For $46 you can buy the Berry Buddy, a hand-crafted stoneware strainer that is guaranteed to inflict carpal tunnel syndrome should you have an exceptionally good berry season. And on the flip side of the Stone Age colander are two high-tech devices that deserve mention. First, there is the Anova Sous Vide Precision Cooker that, for only $109, allows you to heat your food via Bluetooth connectivity with your Smartphone. I’m not sure what that means, but it sounds like it might be a cross between boil-in-a-bag and take-out.
Not to be outdone, Williams Sonoma, where everything costs a mere 38% more than anywhere else in the free world, is offering the Smart Thermometer 2, a $100 device that features a “Wi-Fi smart” app that allows you to monitor your meal from anywhere in the known universe. I think Elton John should write a song about this.
Tomorrow’s Kitchen Instant Marinator is a steal at $40. There’s no description to accompany the picture, but it appears to be a squarish Tupperware-like container big enough to hold two, five-ounce salmon filets. It comes with a lid.

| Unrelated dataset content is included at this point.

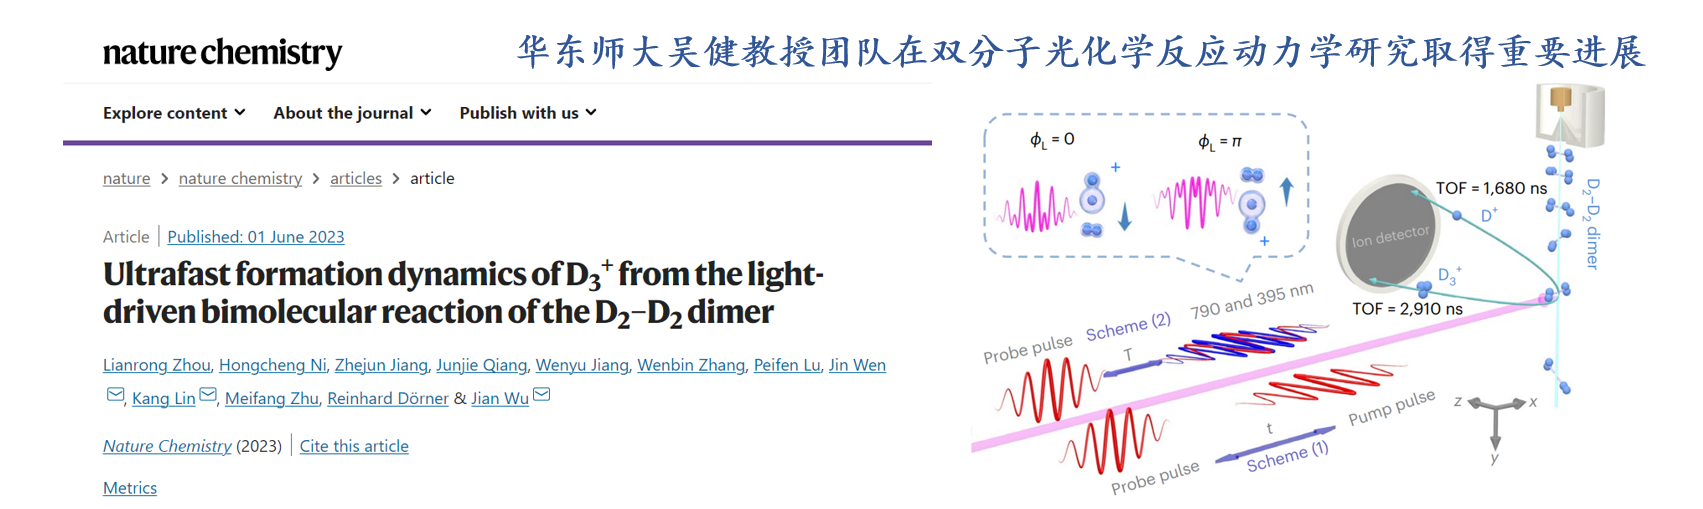 华东师大吴健教授团队在双分子光化学反应动力学研究取得重要进展

This season’s hands-down winner for completely, over-the-top useless kitchen gadgets is the Gourmet Pepper Grinder for a suggested retail price of $39. It is, truth be told, a pepper mill but, to quote the catalog, “rather than a novelty pepper mill, this allows the bottom dial to select an exact grain size, [thereby] avoiding any over-seasoned surprises.”
With all that is going on in the world in these tumultuous, stressful, uncertain, wake-up-in-the-middle-of-the-night-screaming times, I’m deeply grateful that somebody out there understands that any “over-seasoned surprises” just might be my emotional undoing.